Perhaps there is something to be gleaned from fiction and the queer African writers who are telling the truths of existing as queer Africans from and in this continent. The last book I read is an anthology of short stories, non-fiction, and poetry from the Gerald Krak Prize, The Beautyful Ones Have Just Been Born, edited by Otosirieze Obi-Young. This collection is written “with love for the reader,” to quote Edoro. It proves that queer characters are worthy of being written as complicated protagonists. In its pages, I encounter characters from Johannesburg and Lagos, who are rich, poor, immigrating for love, fleeing war, or praying to God in a church pew, and all of them are deserving of grace and love. My favorite story, “Until It Doesn’t” by Roy Udeh-Ubaka imagines what it means to love someone over time and space and many stages of life. The story is written using the first-person plural and it follows the lives of K and J from the time they are 15 in Nigeria to the time they are 60 and in America. The two are deeply in love, but for various reasons they lead different lives, but always thinking about each other. “Until It Doesn’t” forces us to consider what it means to be a reader. What is the reader entitled to see or observe about the character and what are they not? What interpersonal actions do we as readers deem private but expect to be public on the page? In many ways, this story also challenges the reader to think critically about the role they play in the ecosystem that governs the world of writing and by extension our collective imagination.
The other stories in the anthology move across countries (Nigeria, Libya, Italy, South Africa), time, economic class, and religion with an urgency that makes me read it in record time. Even before I read it, questions nag: What becomes of the queer people who do not manage to become “great?” Is memoir as a genre hungry for “exceptional” lives? Should we be rethinking what we mean by “exceptional,” so that the term is wrested from underpinning class and racial anxieties; so that it becomes roomy enough to encompass other kinds of “exceptional” lives—Lives that fall short of greatness in the conventional capitalist, heteronormative, and patriarchal ways but exhibit greatness in other ways? Or is it time to do away completely with the vocabulary of exceptionalism and greatness and find better ways to describe our aliveness as queer people?

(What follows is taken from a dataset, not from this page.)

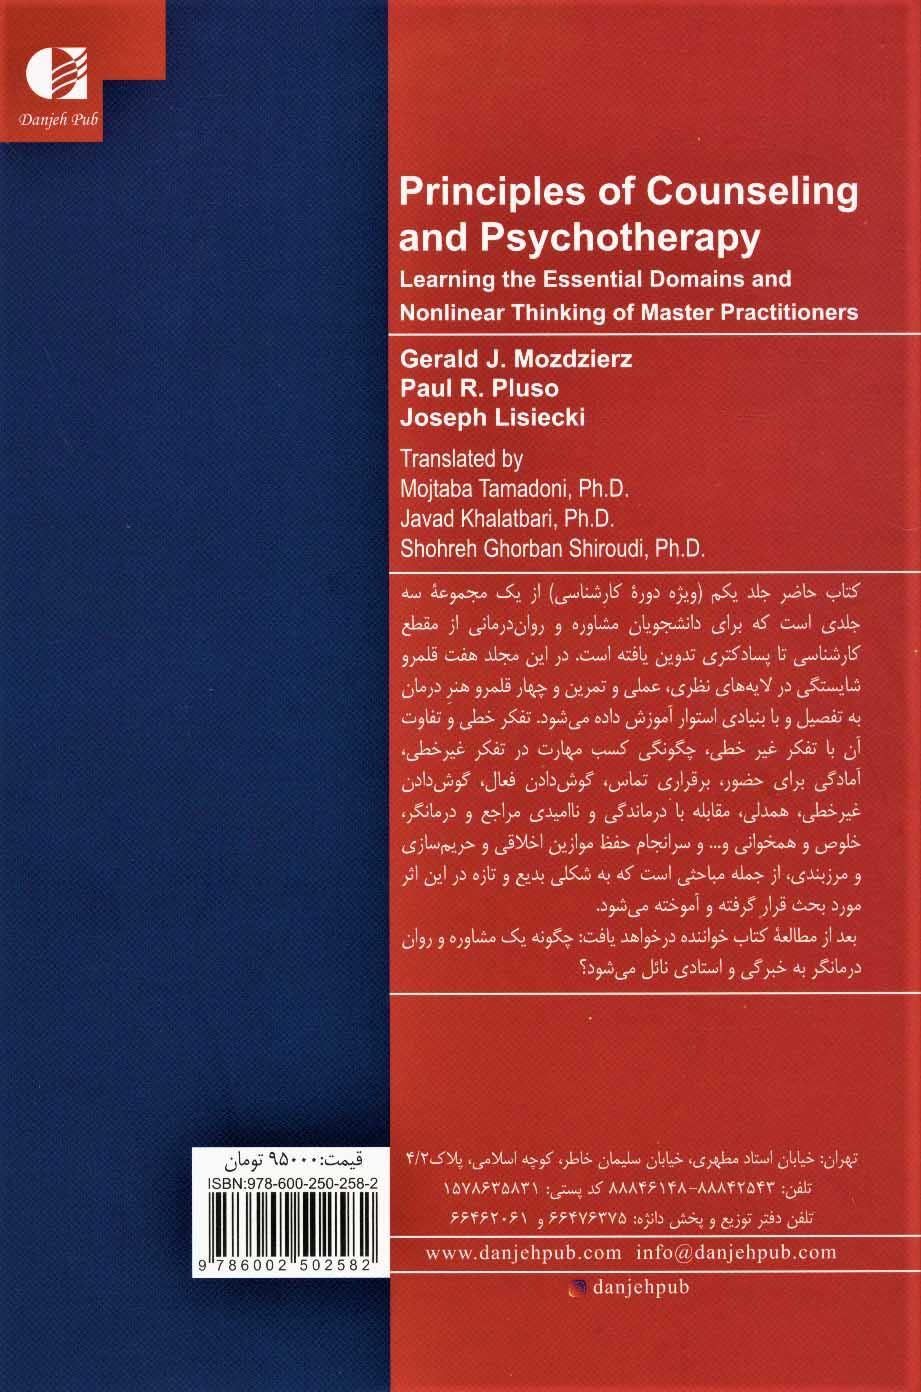 اصول مشاوره:7 قلمرو شایستگی در مشاوره و روان درمانی 1 (چهار مهارت بنیادی هنر درمان)

Without pitting fiction against memoir, I think that fiction allows for the complexity that I find missing in the memoirs I read. Another way of thinking about it is that perhaps the memoirs I read are simply telling the truth: that existing as a black, poor, queer individual on this continent, in any city is difficult and dangerous; that few individuals who are queer and poor will ever get to tell the story of their lives because being able to write about your life in any capacity, for an audience, is an immense privilege.